Re-reading the spec, I think you are correct, it only mentions the glyph names,
not their encoded positions. In this case the font only contains glyphs which
are in the latin 1 character set (but their Encoding is different).

So I guess the font should be Nonsymbolic.


> There are 2 flags : Symbolic and Non Symbolic. If both are unset, Adobe claims 
> invalid font. When you reset one, you must set the other.

Yes, I tried it both ways and got the same result; "The font /F0 contains bad
/Flags" I've no idea why I'm afraid. AH! I just checked the Distiller output,
and I made a mistake. Bit 5 is unused, the Nonsymbolic bit is actually bit 6. If
I set the /Flags to 32 instead of 16, the PDF output from GS appears 'correct'
in Acrobat. 

At the moment its substituting the wrong fonts, because I haven't implemented
the fix for font names, with the result that its using Adobe Sands MM to
substitute. Since I haven't set the italic flag the italics have all gone, but
all the glyphs are correct, including the modified encoding. So, good news!


OK, I think I see the way forward (thanks to Leo here) as: Fix the fontname, for
which I have a trivially simple patch, and then work on getting the Symbolic
flag correct when writing out the Font Descriptor.

This should address the specific customer issue. 

As a possible additional feature, I could opt to ignore the setting of the embed
flag, if the font does turn out to be 'Symbolic', and go ahead and embed the
font anyway. Its not exactly true to the description of the flag, but it is
pretty much what Distiller does, so I think its reasonable for us to do so too.

Any dissenting opinions ? Should I *not* attempt to embed the font under these
conditions ?
Comment 15 leonardo 2007-12-13 11:21:01 UTC
I read Comment #14 and I think I can't add anything useful now.
Comment 16 Ray Johnston 2007-12-15 10:42:00 UTC
I think that always embedding the font (Subset) when it includes a glyph
outside of the Latin 1 set (implying that we need to flag the font as
Symbolic) is a reasonable fallback.

The rest sounds like good news indeed.
Comment 17 Ken Sharp 2007-12-16 12:25:41 UTC
Embedding the font seems to happen already (somewhat to my surprise), it seems
to be one of the features which was disabled. Or perhaps not, I haven't had
enough tests I'm certain of to be absolutely sure.

I'd like to test it further, but in the interests of getting a fix to the
customer quickly I intend to commit what I have now (after review).
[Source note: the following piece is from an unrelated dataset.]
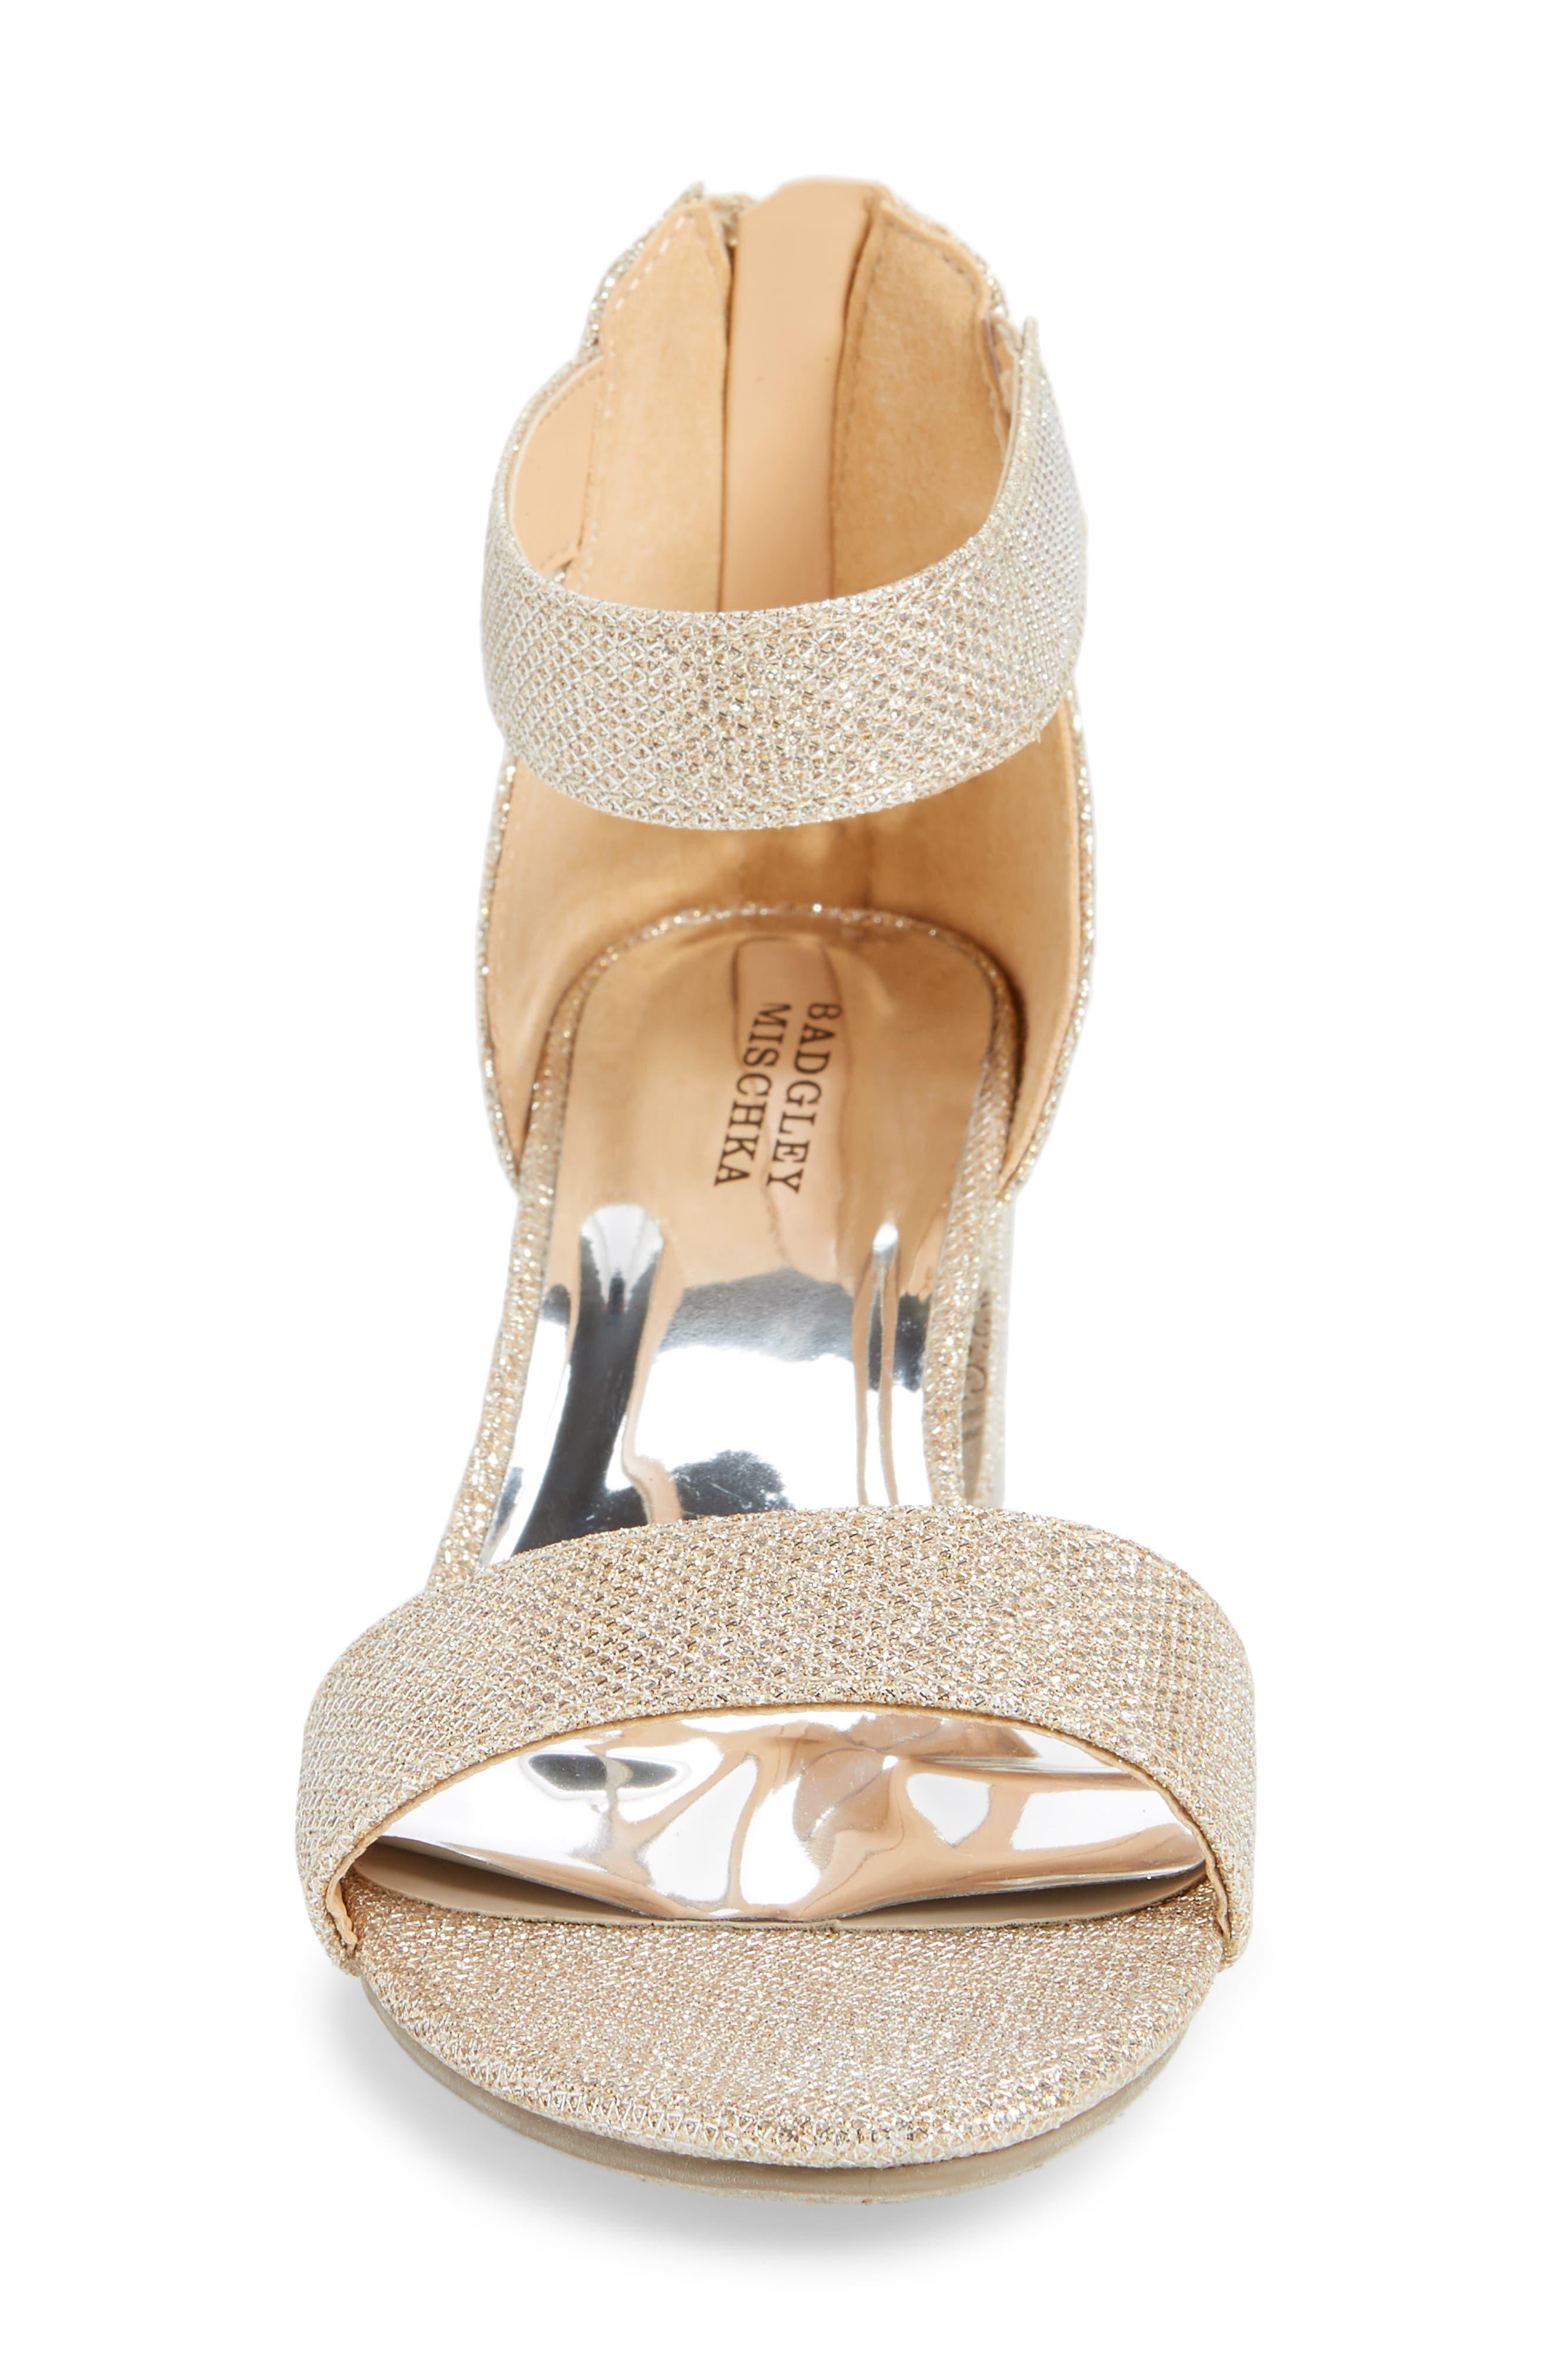 BADGLEY MISCHKA COLLECTION, Badgley Mischka Pernia Velma Shimmer Sandal, Alternate thumbnail 4, color, LIGHT GOLD SHIMMER

If it looks
like the embedding is not quite as expected I'll open a new enhancement tracker
for it.

Comment 18 Ken Sharp 2007-12-17 03:26:06 UTC
Added a new tracker (#689616) to track the proposed feature of embedding fonts
which are found to be symbolic. The patch (following shortly) does not address
the issue of embedding symbolic fonts. It turns out that this happens only for
the Symbol font when the proposed patch is implemented.
Comment 19 Ken Sharp 2008-01-02 05:19:56 UTC
This patch http://ghostscript.com/pipermail/gs-cvs/2007-December/008032.html
fixes the naming issue, and correctly assigns the non-symbolic flag to the font.

This patch http://ghostscript.com/pipermail/gs-cvs/2008-January/008057.html
completes this issue, simply removing some (now) redundant code and arguments.